[[ Source material open ]]

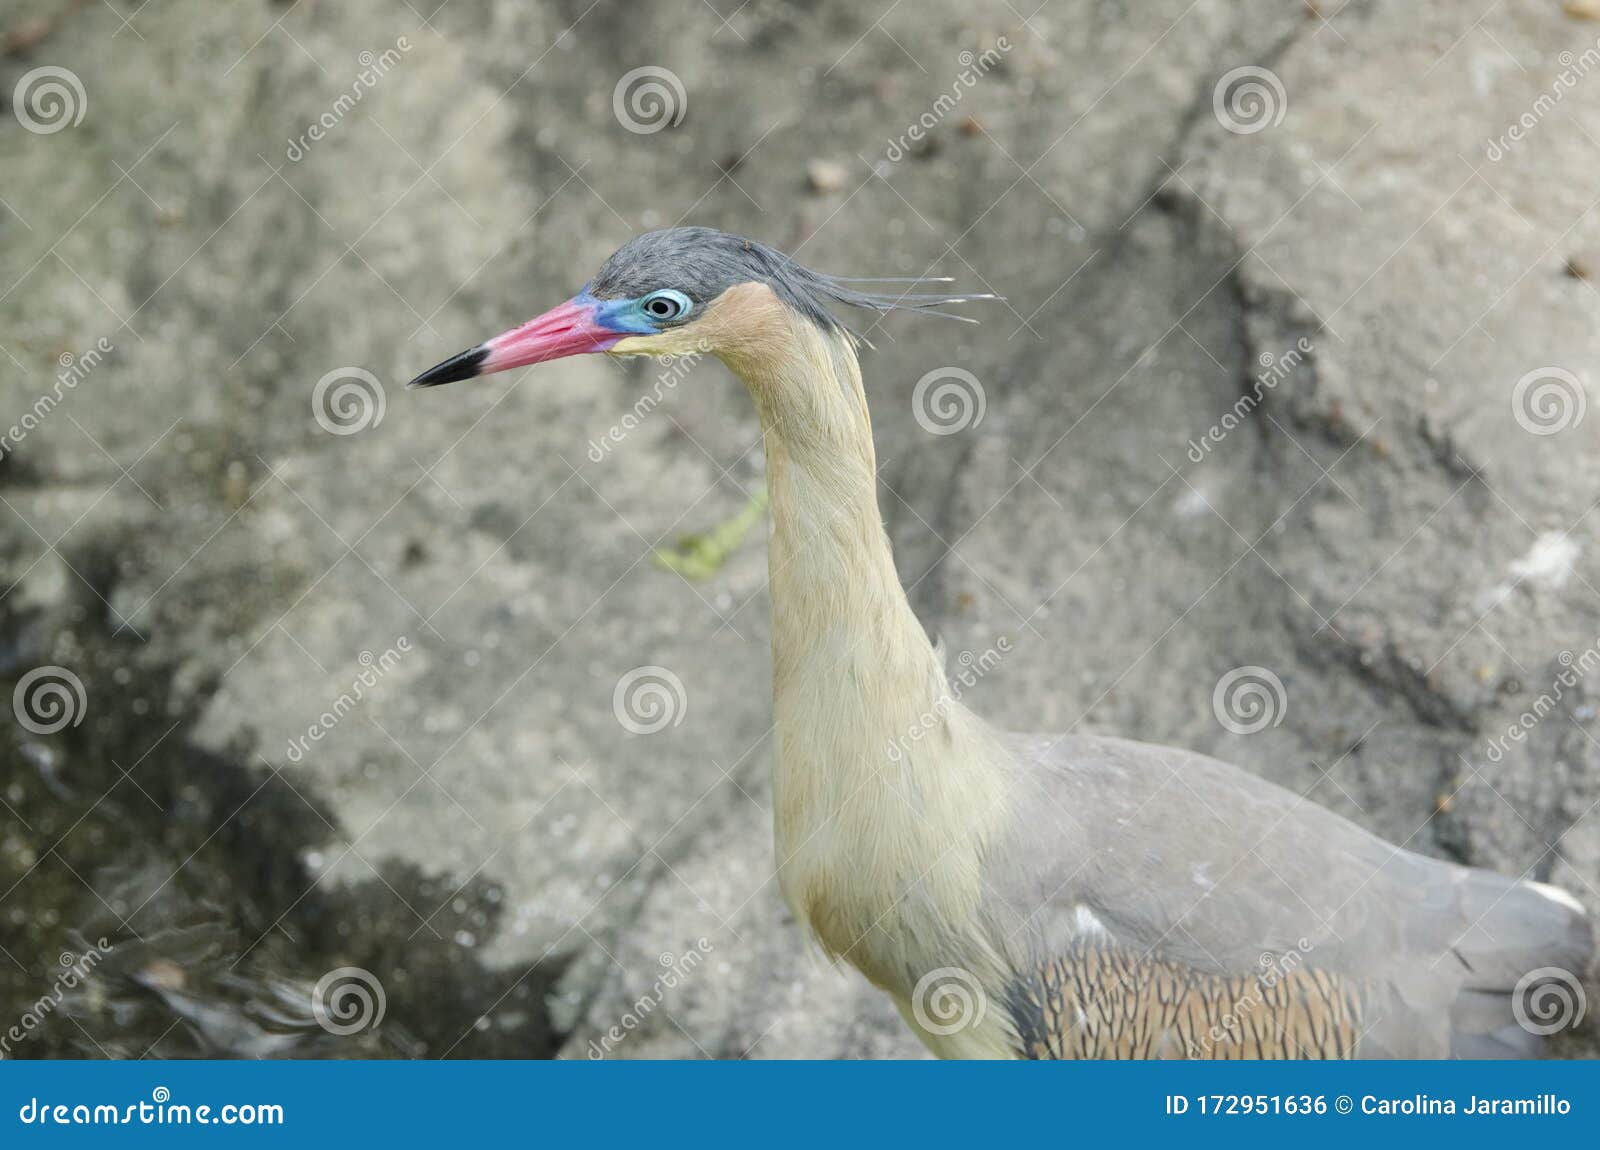 portrait of a whistling heron, syrigma sibilatrix; specimen in captivity
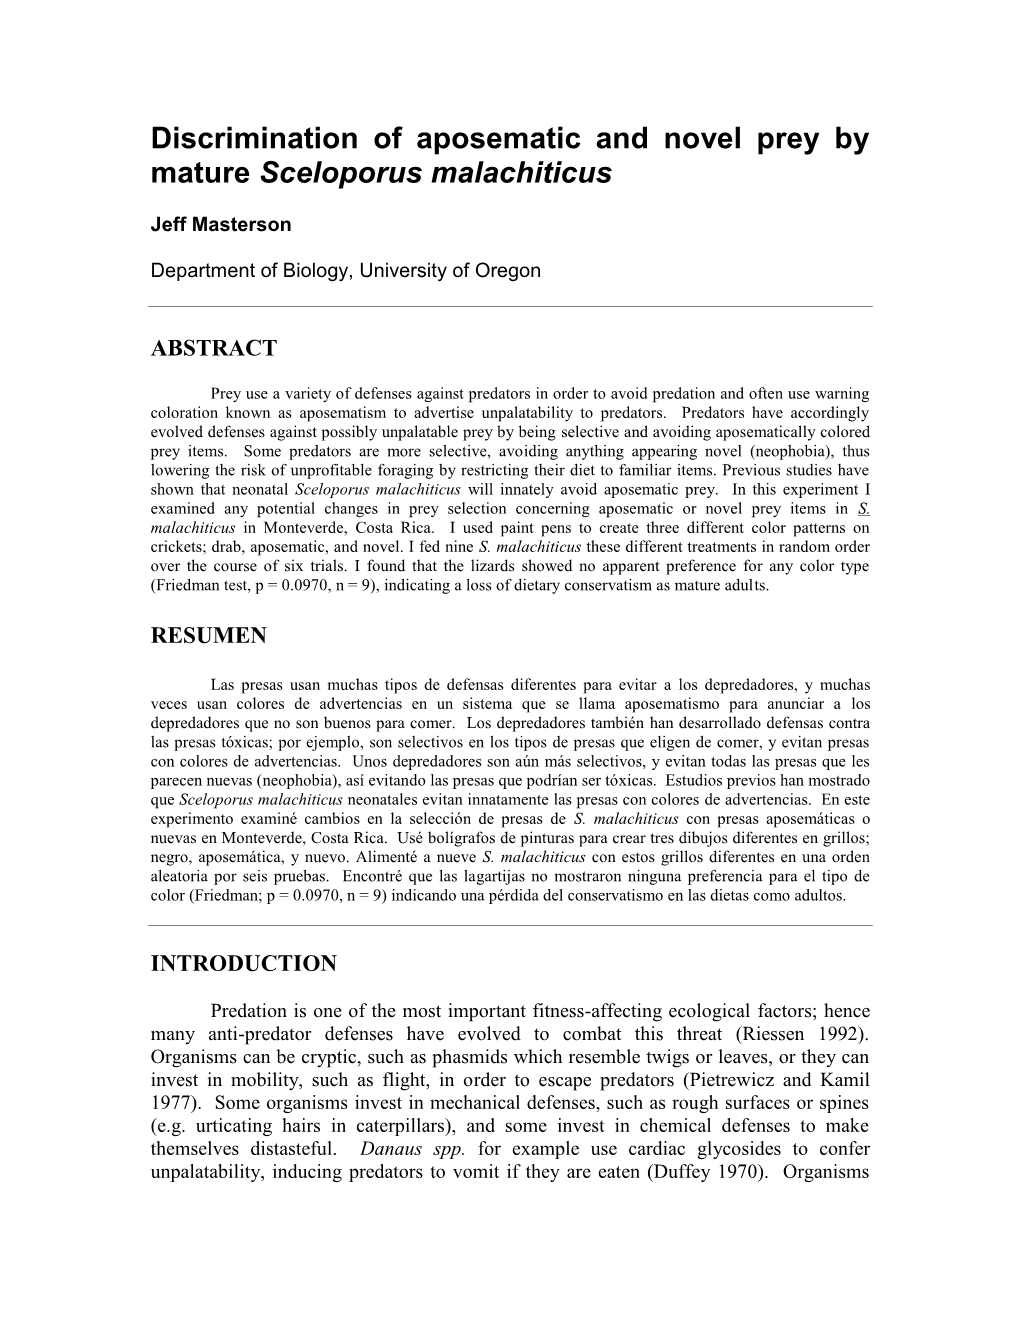 Discrimination of Aposematic and Novel Prey by Mature Sceloporus Malachiticus
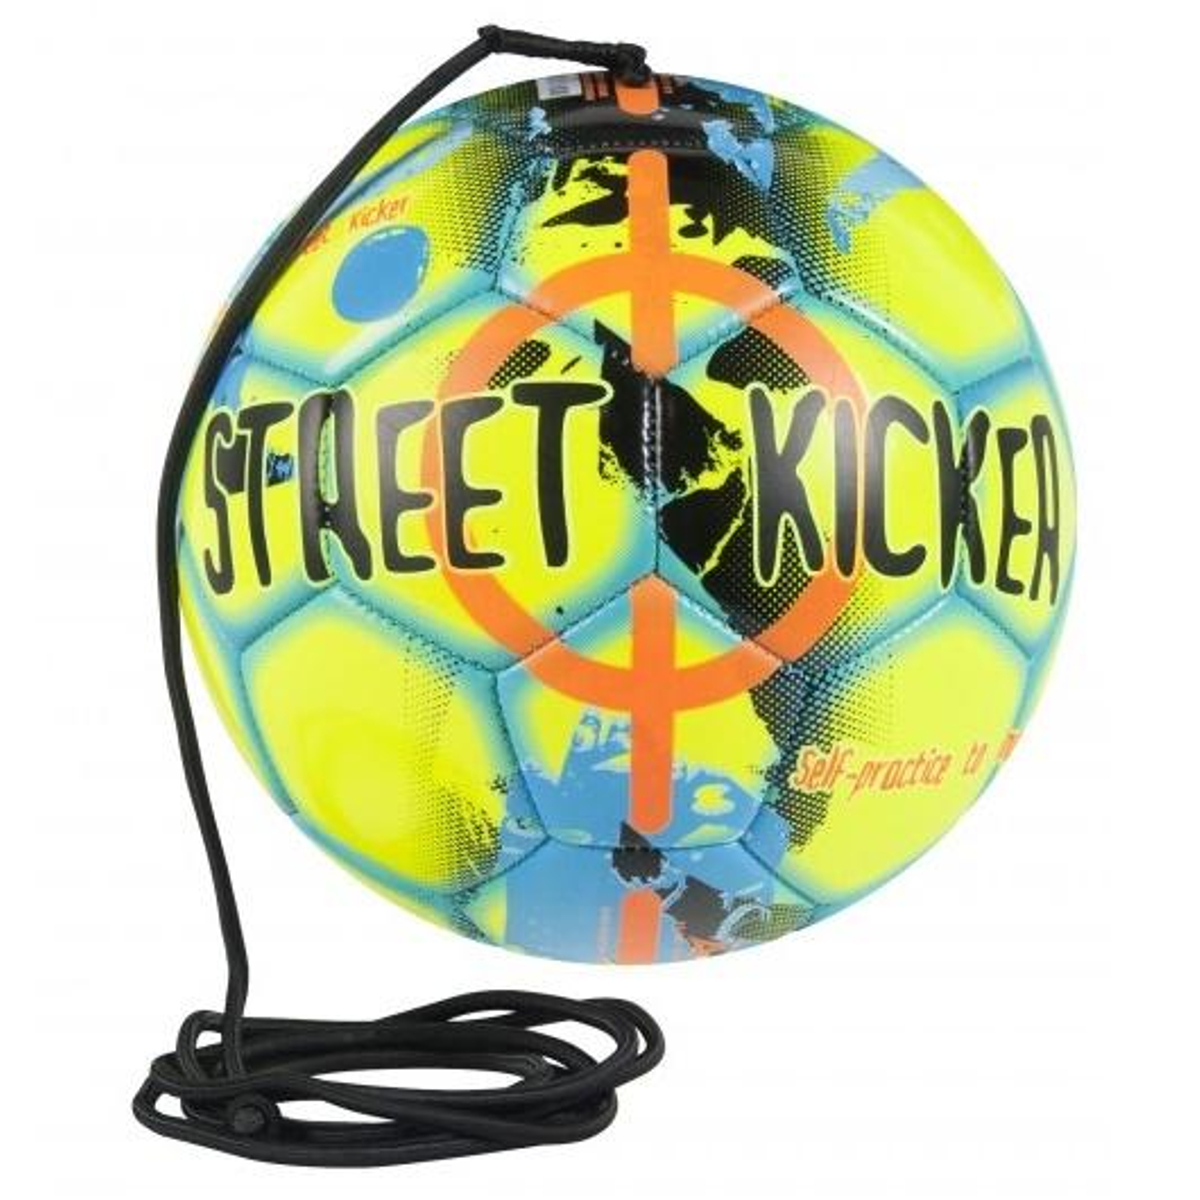 Select Street Kicker Voetbal
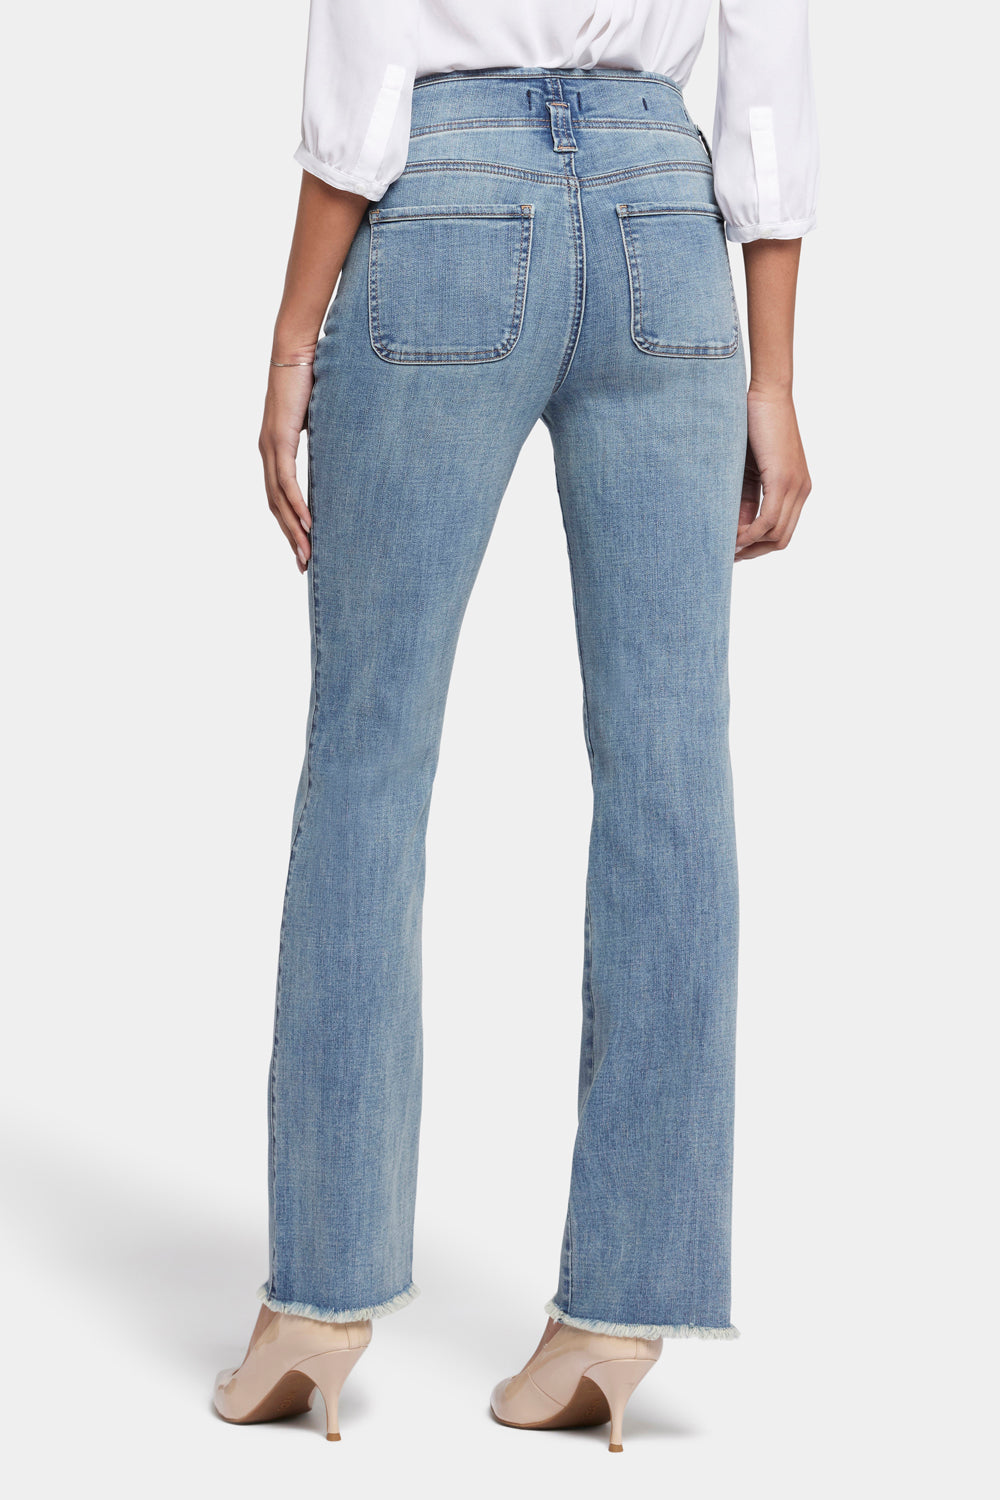 NYDJ Marilyn Straight Jeans  With Frayed Hems - Paddington
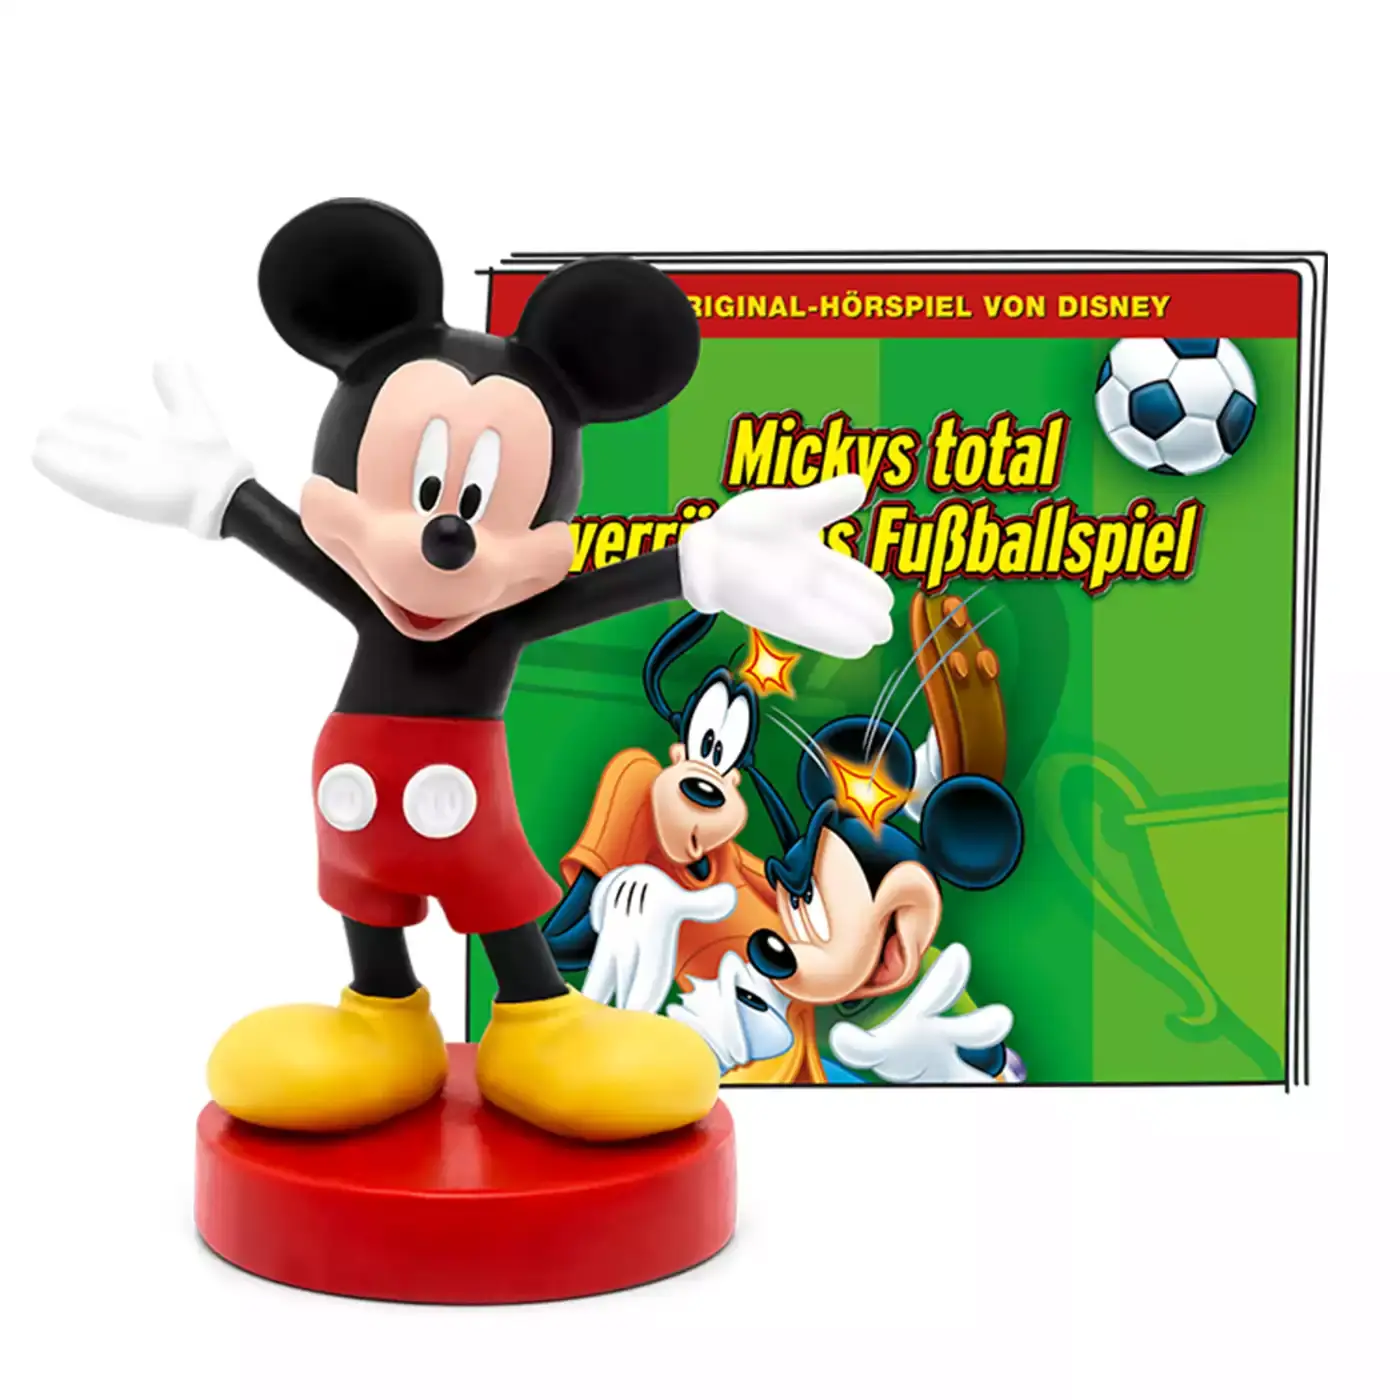 Disney - Mickys total verrücktes Fußballspiel tonies 2000581064307 3

[[ Source material closed ]]

▶ _What needs to be done_
Set the listing down again exactly, skipping each picture.

▶ _Task output_
 portrait of a whistling heron, syrigma sibilatrix; specimen in captivity
 Discrimination of Aposematic and Novel Prey by Mature Sceloporus Malachiticus
 Select Street Kicker Voetbal
 NYDJ Marilyn Straight Jeans  With Frayed Hems - Paddington
 Disney - Mickys total verrücktes Fußballspiel tonies 2000581064307 3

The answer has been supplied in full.